Bethel Heights was located in southern Benton County at (36.222843, -94.127671). It was bordered by Springdale to the east, south, and west, and by Lowell to the north. U.S. Route 71 Business (US 71B, Thompson Street) ran north–south along the western side of the city, and Highway 264 ran east–west through the center of the city.

According to the United States Census Bureau, the city had a total area of 6.2 sqkm, of which 0.04 sqkm, or 0.69%, is water.

===Region===

The Northwest Arkansas region consists of three Arkansas counties: Benton, Madison, and Washington. The area had a population of 347,045 at the 2000 census which had increased to 463,204 by the 2010 Census (an increase of 33.47 percent). The region does not consist of the usual principal-city-with-suburbs morphology. The principal cities retain individual identities, but have grown together along Interstate 49 (I-49). For more than the last decade, Northwest Arkansas has been one of the fastest-growing regions in the United States.

==Demographics==

Historical population
| Census | Pop. | Note | %± |
| 1970 | 284 |  | — |
| 1980 | 296 |  | 4.2% |
| 1990 | 281 |  | −5.1% |
| 2000 | 714 |  | 154.1% |
| 2010 | 2,372 |  | 232.2% |
| 2020 | 3,015 |  | 27.1% |
U.S. Decennial Census 2014 Estimate

===Racial and ethnic composition===

Bethel Heights city, Arkansas – Racial composition Note: the US Census treats Hispanic/Latino as an ethnic category. This table excludes Latinos from the racial categories and assigns them to a separate category.
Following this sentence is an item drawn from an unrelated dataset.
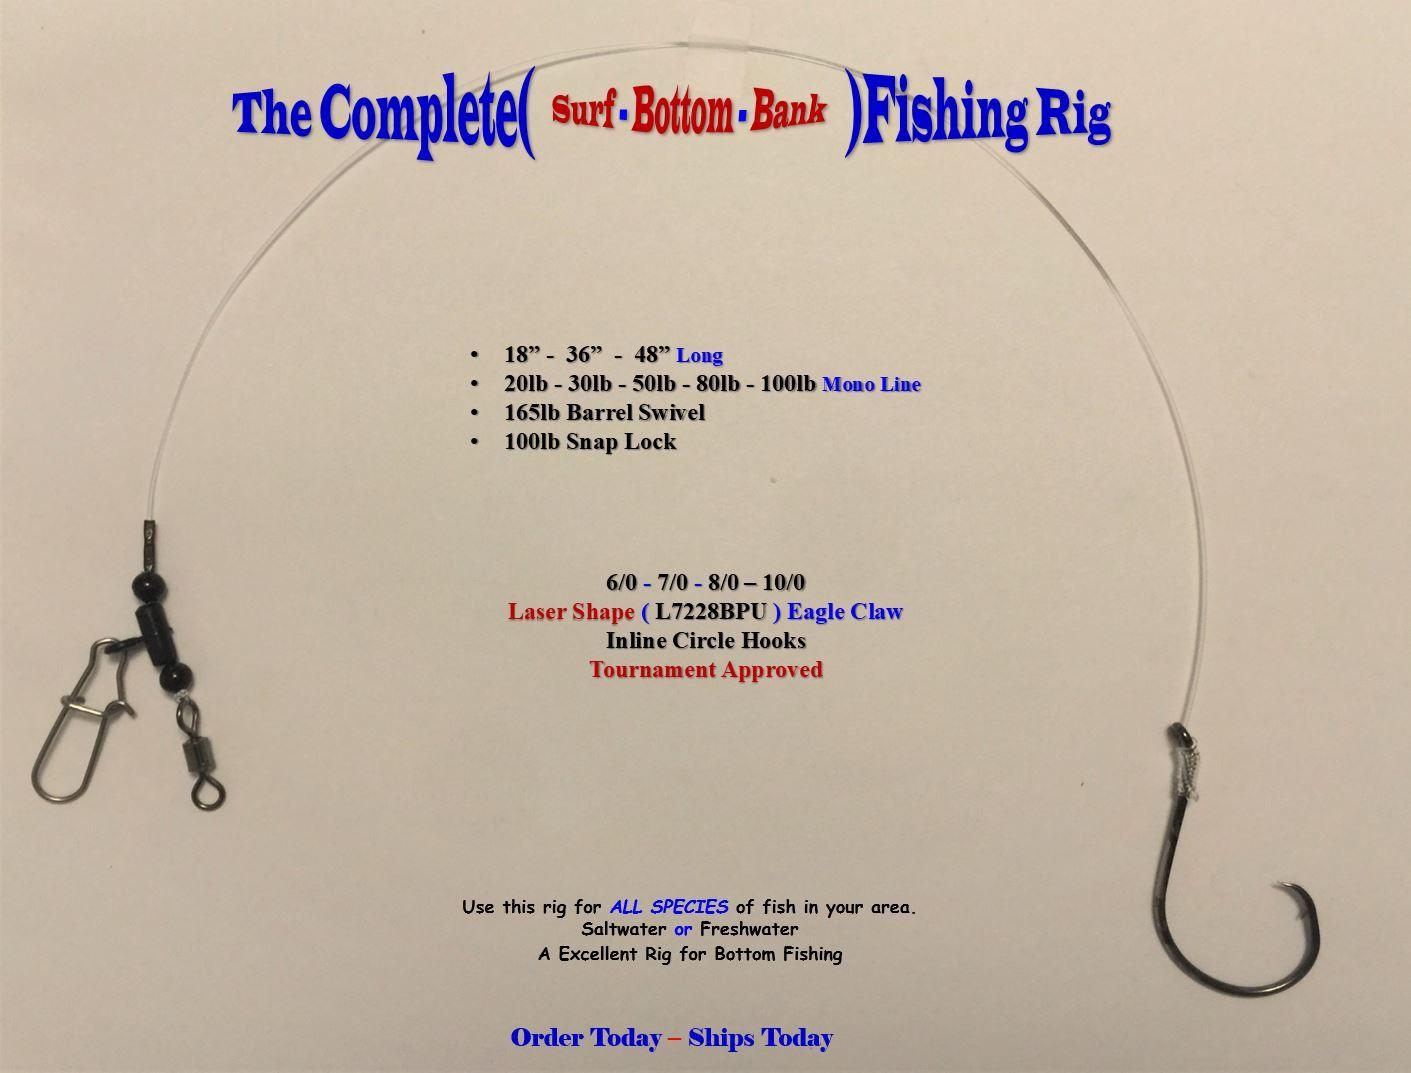 Pin By David Moore On Balikcilik Fishing Rigs Fishing Tips Bass Fishing Tips

Hispanics/Latinos may be of any race.
| Race (NH = Non-Hispanic) | % 2020 | % 2010 | % 2000 | Pop 2020 | Pop 2010 | Pop 2000 |
|---|---|---|---|---|---|---|
| White alone (NH) | 36.1% | 49.7% | 91.2% | 1,087 | 1,179 | 651 |
| Black alone (NH) | 1.8% | 1.9% | 0% | 53 | 46 | 0 |
| American Indian alone (NH) | 0.5% | 0.7% | 1.5% | 15 | 17 | 11 |
| Asian alone (NH) | 3.3% | 3% | 2.5% | 98 | 72 | 18 |
| Pacific Islander alone (NH) | 10.2% | 8.3% | 0% | 309 | 196 | 0 |
| Other race alone (NH) | 0.2% | 0% | 0% | 5 | 1 | 0 |
| Multiracial (NH) | 3.4% | 1.6% | 1.4% | 102 | 38 | 10 |
| Hispanic/Latino (any race) | 44.6% | 34.7% | 3.4% | 1,346 | 823 | 24 |

===2020 census===
As of the 2020 census, Bethel Heights had a population of 3,015. The median age was 28.6 years. 34.9% of residents were under the age of 18 and 7.1% of residents were 65 years of age or older. For every 100 females there were 96.8 males, and for every 100 females age 18 and over there were 95.2 males age 18 and over.

97.7% of residents lived in urban areas, while 2.3% lived in rural areas.

There were 828 households in Bethel Heights, of which 54.5% had children under the age of 18 living in them. Of all households, 61.6% were married-couple households, 12.9% were households with a male householder and no spouse or partner present, and 17.8% were households with a female householder and no spouse or partner present. About 10.9% of all households were made up of individuals and 3.9% had someone living alone who was 65 years of age or older.

There were 875 housing units, of which 5.4% were vacant. The homeowner vacancy rate was 3.6% and the rental vacancy rate was 2.2%.

The most reported ancestries were Mexican (29.8%), English (11.8%), Marshallese (10%), Salvadoran (8.7%), German (6.7%), and Irish (6.1%).

===2010 census===
As of 2010 Bethel Heights had a population of 2,372. The racial and ethnic composition of the population was 49.7% non-Hispanic white, 1.9% black or African American, 1.4% Native American, 3.0% Asian, 8.3% Pacific Islander, 21.6% from some other race, 2.2% from two or more races, and 34.7% Hispanic or Latino.

===2000 census===
As of the census of 2000, there were 714 people, 251 households, and 211 families residing in the town. The population density was 109.4 /km2. There were 261 housing units at an average density of 40.0 /km2. The racial makeup of the town was 92.16% White, 1.54% Native American, 2.52% Asian, 1.82% from other races, and 1.96% from two or more races. 3.36% of the population were Hispanic or Latino of any race.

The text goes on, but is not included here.